Corrugated coaxial cable vs other shielding methods

[matthuszagh]

What are the applications of corrugated shielding for coaxial cable in comparison with other forms of shielding? Wikipedia (https://en.wikipedia.org/wiki/Coaxial_cable#Construction) has the following to say about coaxial cable with a corrugated shield:

For high-power radio-frequency transmission up to about 1 GHz, coaxial cable with a solid copper outer conductor is available in sizes of 0.25 inch upward. The outer conductor is corrugated like a bellows to permit flexibility and the inner conductor is held in position by a plastic spiral to approximate an air dielectric. One brand name for such cable is Heliax.

But, when I was looking on Pasternack I found for example this (https://www.pasternack.com/50-ohm-low-loss-corrugated-1-4-superflexible-helical-coax-pe-1-4sfhc-p.aspx). It supports a max frequency of 20.4 GHz, which is well above the 1 GHz mentioned by Wikipedia.

I would assume this solid outer conductive shield would reduce the flexibility of the cable, but this cable has a minimum repeated bend radius of 1 in., which seems pretty good. The rest of the specs also seem good and the price is in the middle of the range compared to some of their other cables.

What are the drawbacks of this cable? When would I not want to use it? For example, is cable assembly more difficult with this cable (I only care about this with respect to a manual crimping process).

The cable outer diameter is a bit on the large side, so maybe this is the main drawback?

[T3sl4co1l]

Maximum frequency is set by acceptable losses, and "breakup" caused by additional non-TEM0 modes.  Wiki is probably erroneous.  Maybe their source explains in better detail (anyone got that edition handbook?), or maybe it's also erroneous.

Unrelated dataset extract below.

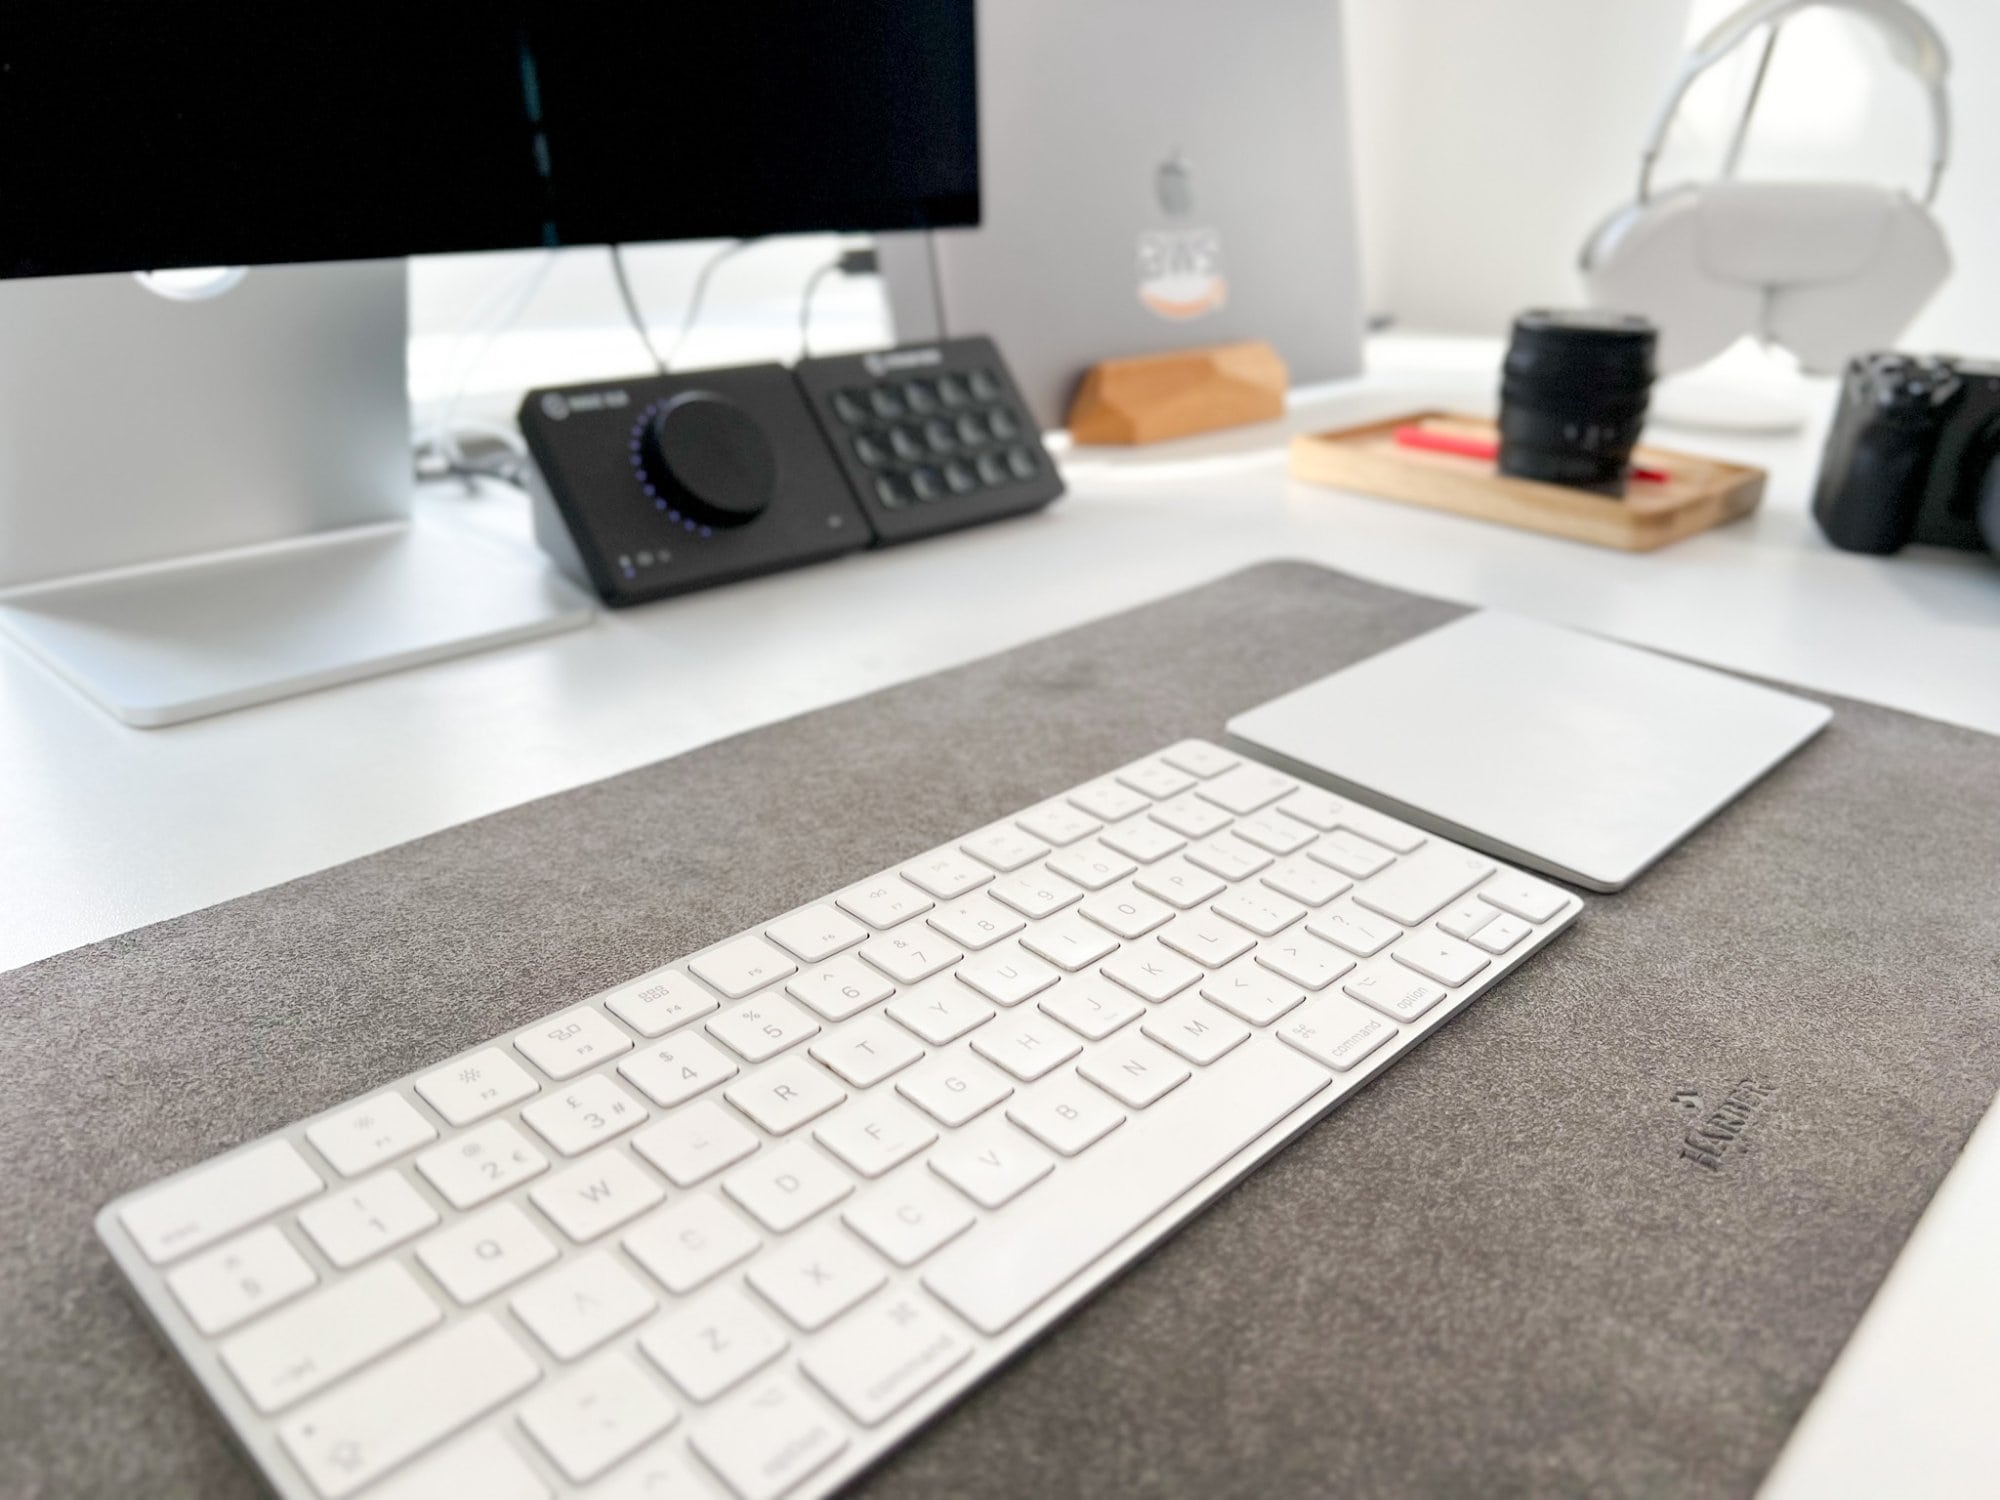 An Apple Magic keyboard and trackpad sitting on a Harber London microfibre desk mat

Losses are determined by construction, generally with larger build having lower loss, and also smoother metal faces (especially silver plated), and higher-Q dielectric (or the lack thereof -- as with foam, spiral or other sparse supports).  The design choice is generally to use the largest line you can, up to the TEM cutoff, given cost, loss budget, and other considerations like available space, flexibility, etc.

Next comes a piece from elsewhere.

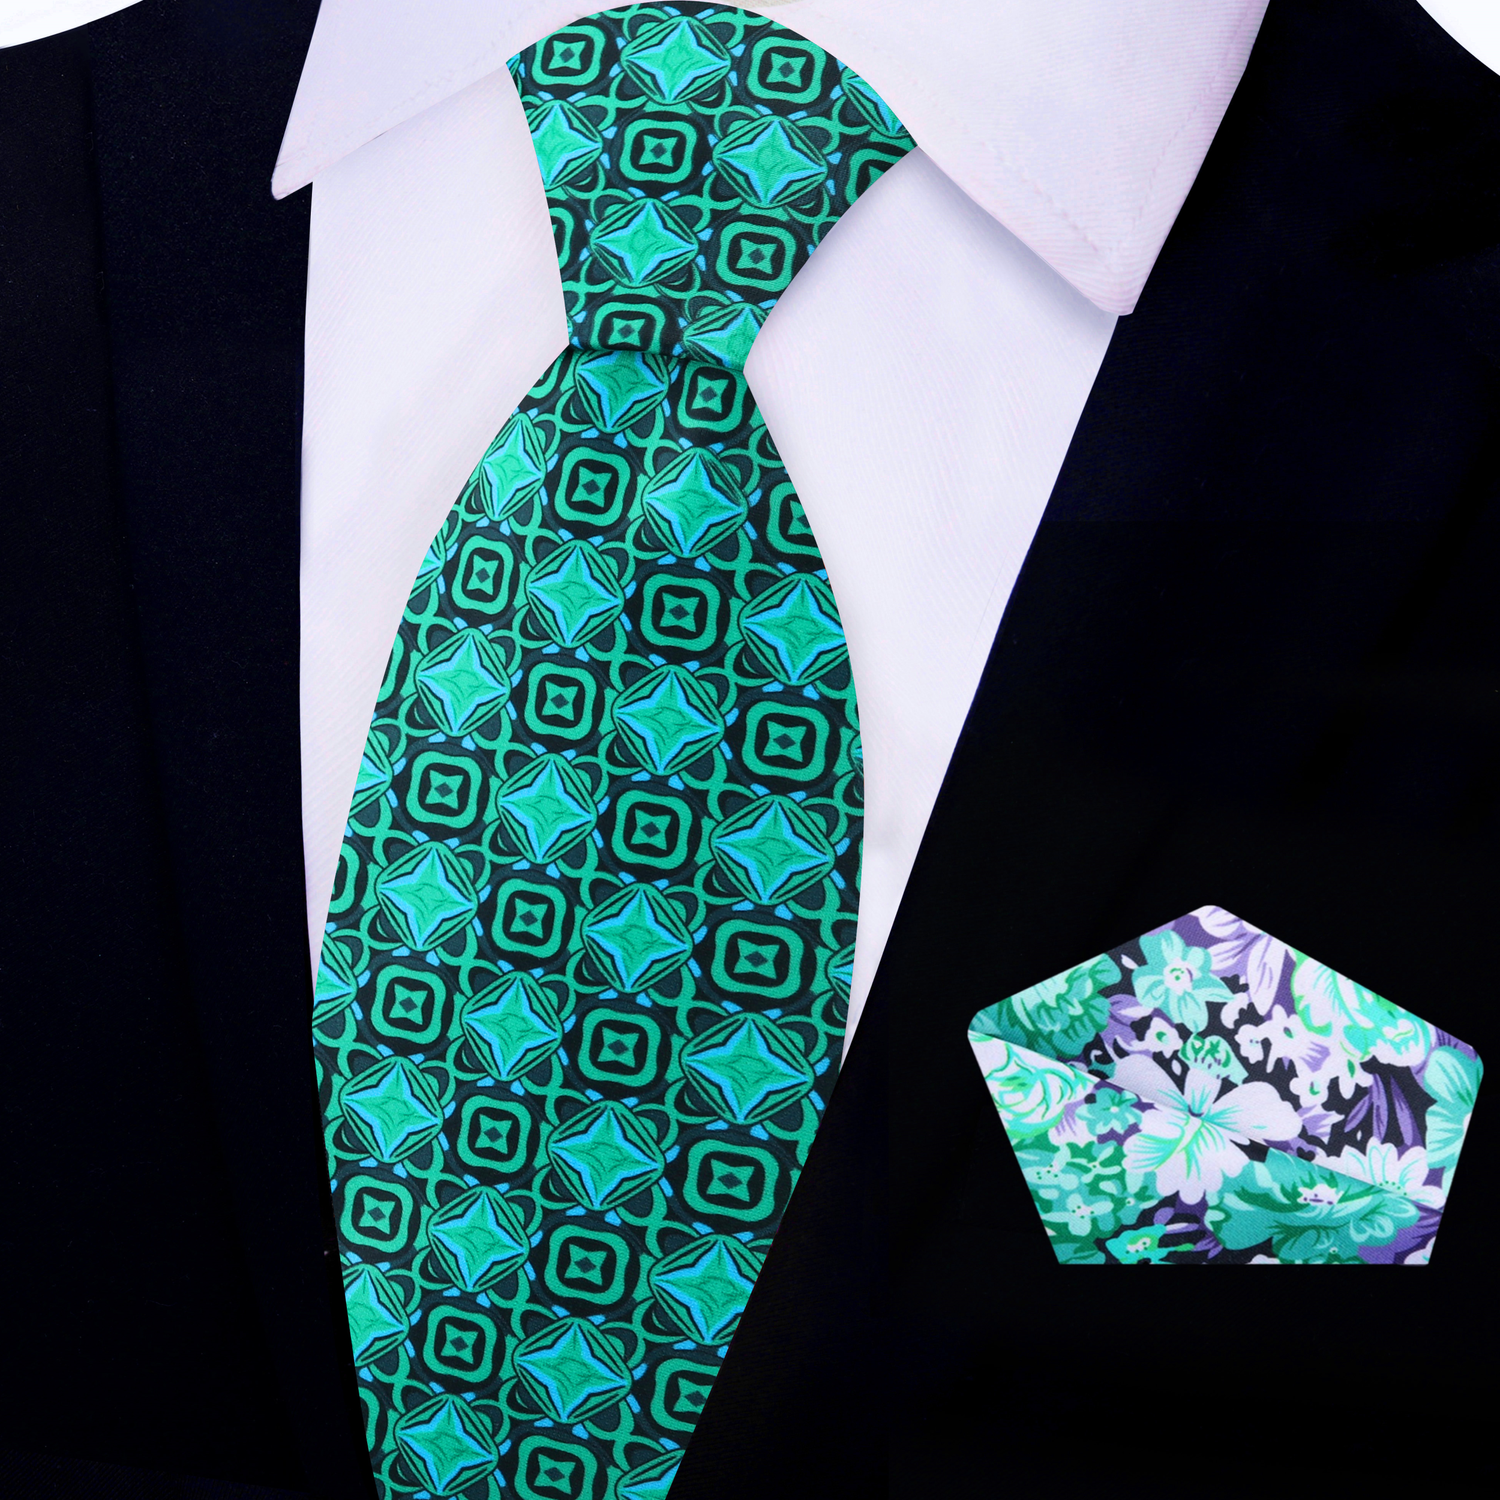 Green Geometric Tie and Green, White, Purple Floral Square

"Cutoff" is not that it stops transmitting signals, but that it stops being as well-behaved of a medium -- specifically what happens is, as higher order (waveguide) modes come into play, their impedances and velocities are all different, and so the signal arrives at its destination over a range of times -- it becomes smeared out, dispersed; hence the property is called dispersion (when velocity depends on frequency).

Tim

[Bassman59]

What are the applications of corrugated shielding for coaxial cable in comparison with other forms of shielding? Wikipedia (https://en.wikipedia.org/wiki/Coaxial_cable#Construction) has the following to say about coaxial cable with a corrugated shield

Back when I was doing work with high power microwave transmitters, we used 25 mm-thick Andrew Heliax cables from the amplifiers to the antennas. This cable had corrugated shields.

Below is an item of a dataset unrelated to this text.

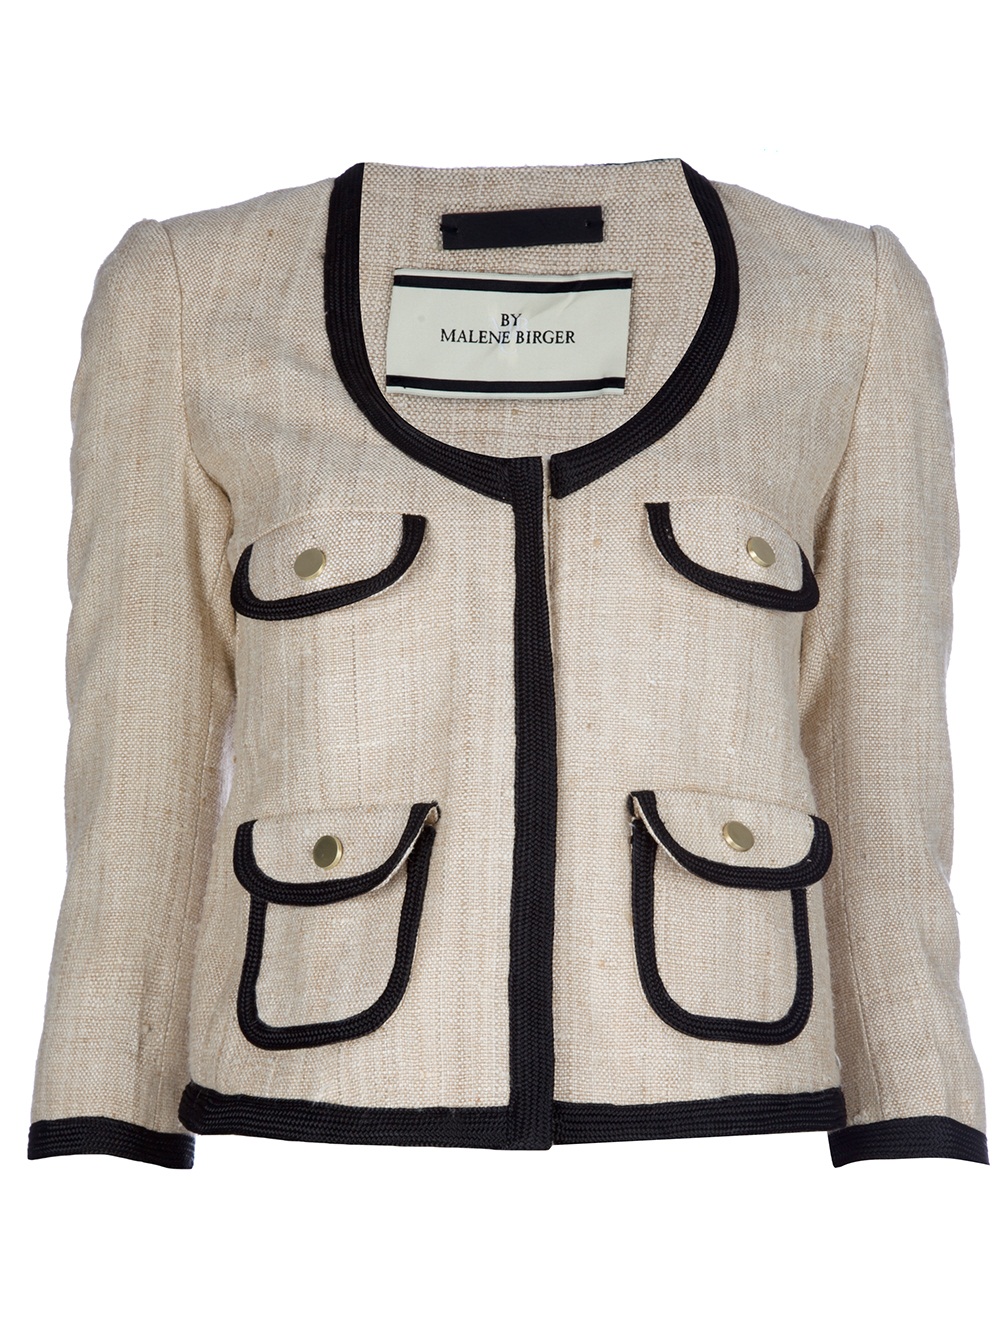 By Malene Birger Mehra Jacket in Sand (Natural) - Lyst

Why? These transmitters were powerful and the cable had to handle the power with as low loss as possible. That dictates the cable geometry and the shield thickness. But the cables had to be transported (on big spools) and installed, which meant that they had to be flexible to some degree. A solid shield that could handle the power won't flex. Hence the use of corrugated shields. The shields are like an armadillo's shell.

[David Hess]

The cutoff frequency is the first higher order mode.  Applications which do not excite the higher order modes or are tolerant of them can operate above this frequency.  Increasing the cutoff frequency means using smaller diameter cable with a greater loss.

Corrugations in the inner and outer conductor, and non-uniform support of the inner conductor as with helical construction, and bends cause distortions in the group delay.  Sharp bends are worse than gradual bends.